By DITA DE BONI
Lion Nathan may have lost the war for Montana but it intends to keep fighting to trip rival Allied Domecq on a transaction conducted almost four months ago during the heat of battle.
It is pursuing a complaint that Montana chairman Peter Masfen and Allied had an "arrangement" on May 15, when Mr Masfen sold a parcel of 16 per cent of Montana to the British liquor concern.
The sale - conducted by Montana group adviser JBWere - was by tender and supposedly open to both Allied and Lion, but Allied scooped all the Masfen shares for $4.80 each, giving it a substantial leg-up in the stockmarket stoush.

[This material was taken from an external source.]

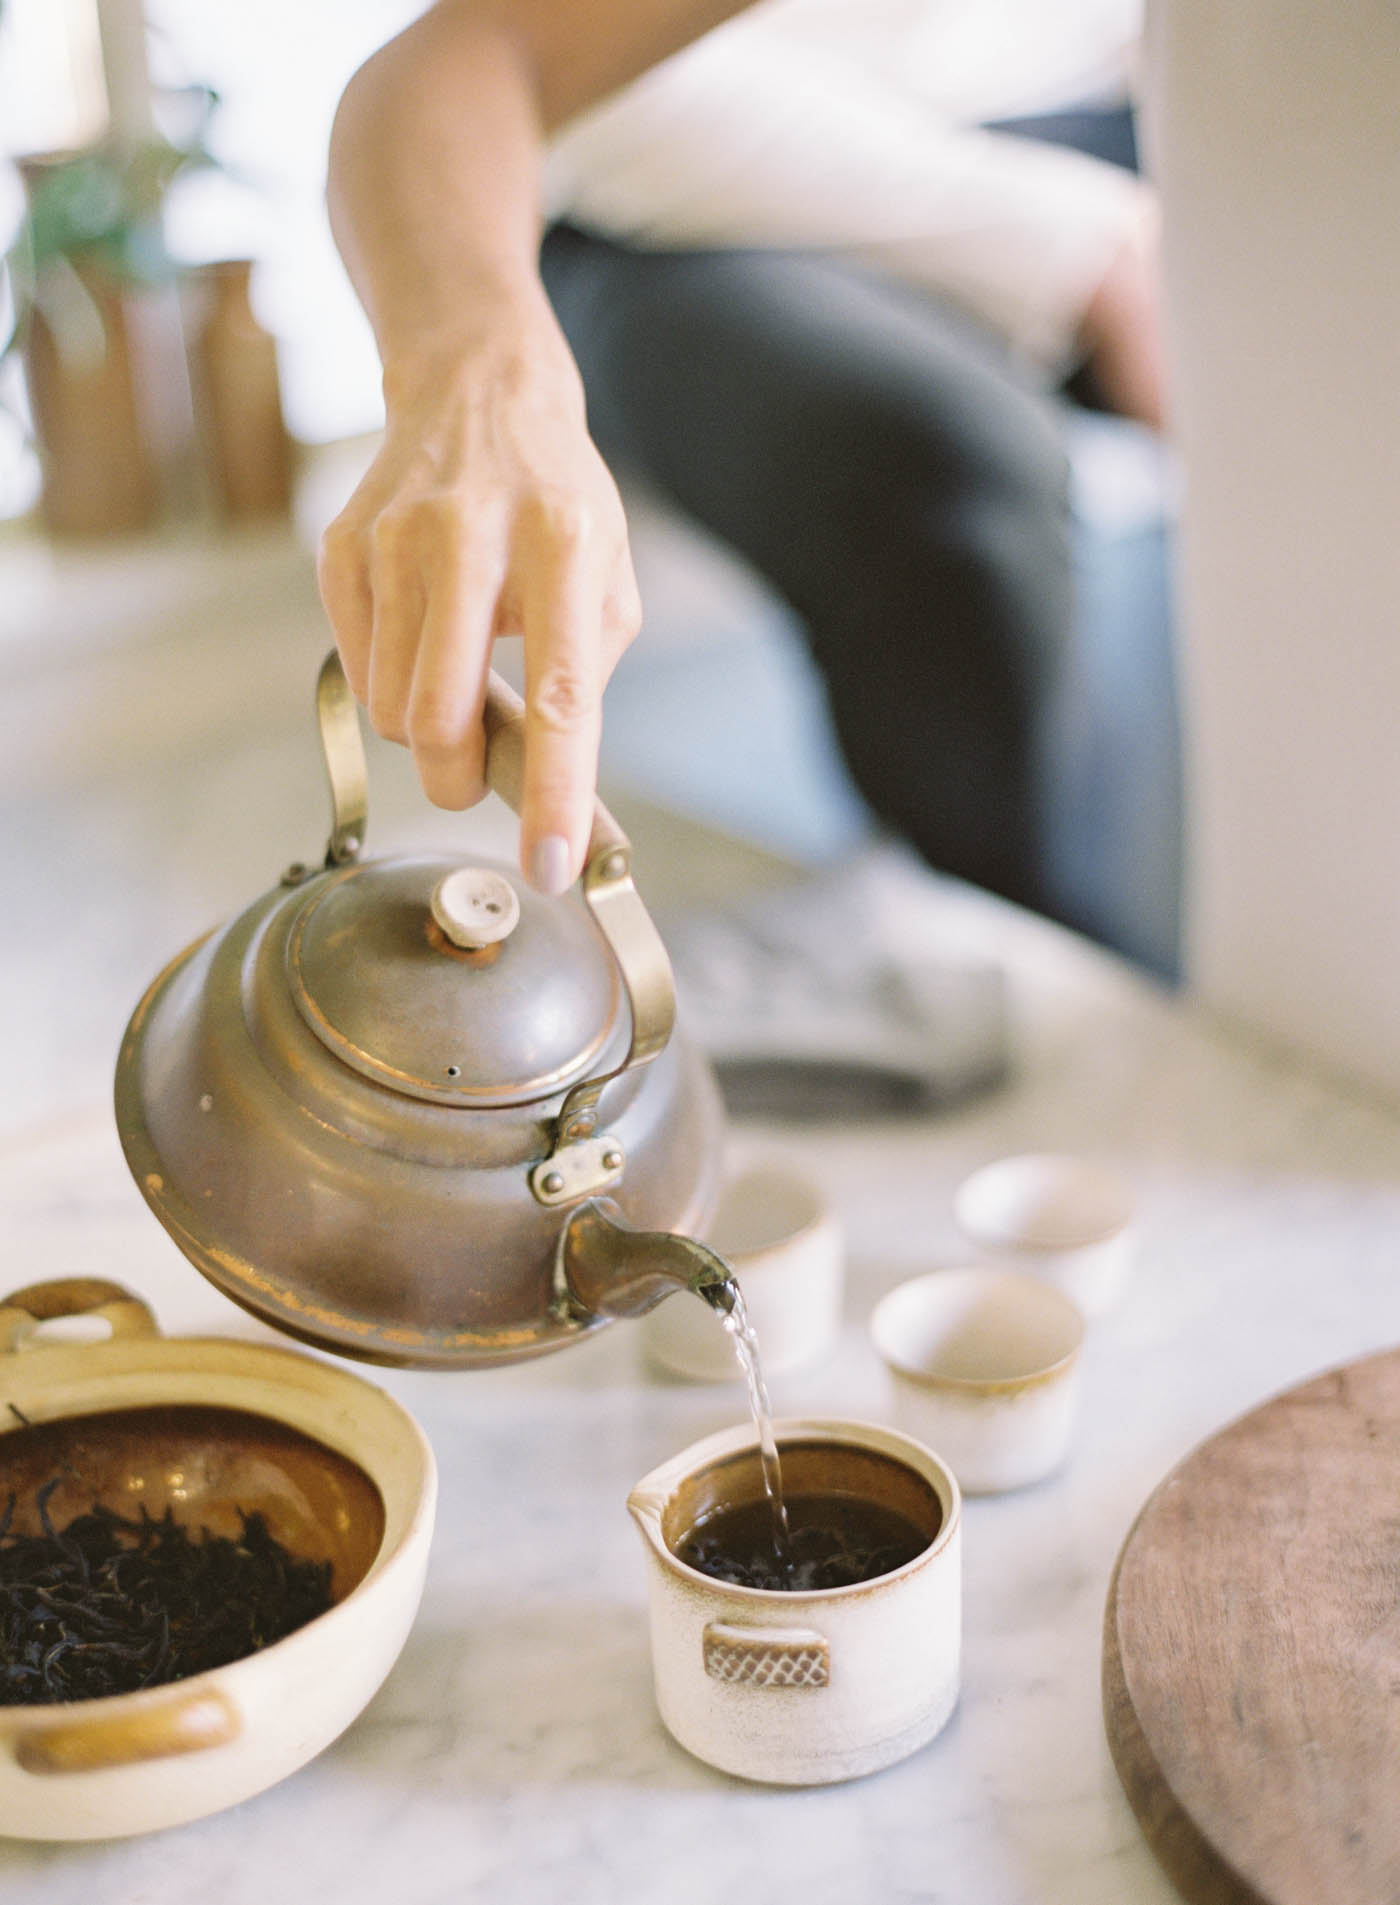 riviera-house-engagement-110-Jen_Huang-Tea-Ceremony-383-Jen_Huang-004149-R1-012.jpg

While evidence has been submitted to the Stock Exchange standing committee - which decided the case had merit to be properly heard in October - a question hangs over tapes requested by the committee from unnamed brokers. They appear to have been wiped or lost.
Parties to the case would not comment on evidence, having signed a letter of confidentiality.
It is understood that only counsel for the parties can access the evidence provided to the committee, the same scenario that applied when Allied Domecq had the committee look into charges of defaulter securities against Lion and its broker, CSFB.
Lion is not saying what it hopes to gain by pursuing the case, set for the weekend of October 13-14. Spokesman Warwick Bryan would say only that despite the company's aborting its bid for Montana, "the rules have still been breached".
Lion is thought to be looking at a finding of defaulter securities against Allied, the same charge proved in June against Lion itself.
If Allied is found to be in default, a strict interpretation of the stock market listing rules could strip it of its entire stake in Montana.
But as Lion did not lose its entire stake for the same offence, it is unlikely such a harsh punishment would be handed down to Allied.
While Allied, Lion and Montana are named as parties in the case, documents have been requested of Mr Masfen, the Montana independent directors, JBWere, UBS Warburg and the ANZ Bank.
JBWere head Clark Perkins would not comment on proceedings when contacted yesterday, confirming only that his company had not been named as a party and expressing surprise that Lion had decided to go ahead with the hearing.
The case hinges again on the meaning of the word "transfer", as it did with Lion and CSFB, and whether arrangements made before shares are allowed to be sold or bought are binding or irrevocable, which is illegal, or "not binding", which is permitted.
When Lion was judged to be in default, it was said to have arranged "irrevocable" purchases from sellers before the starter's gun at midnight on February 8.
In the Masfen case, the issue is whether Mr Masfen unfairly favoured Allied to buy his stake and had some sort of prior arrangement with the Bristol-based liquor concern.
Most of the shares sold by independent directors during the stoush went to Allied, and the directors have long voiced their preference for offers from the Allied camp because they were offered to everyone at the same price.
Mr Masfen was overseas yesterday - attending Apec meetings, as he was when his stake was sold to Allied in May - and was unavailable for comment.
He has previously described Lion's challenge to the sale of his shares as "mischievous".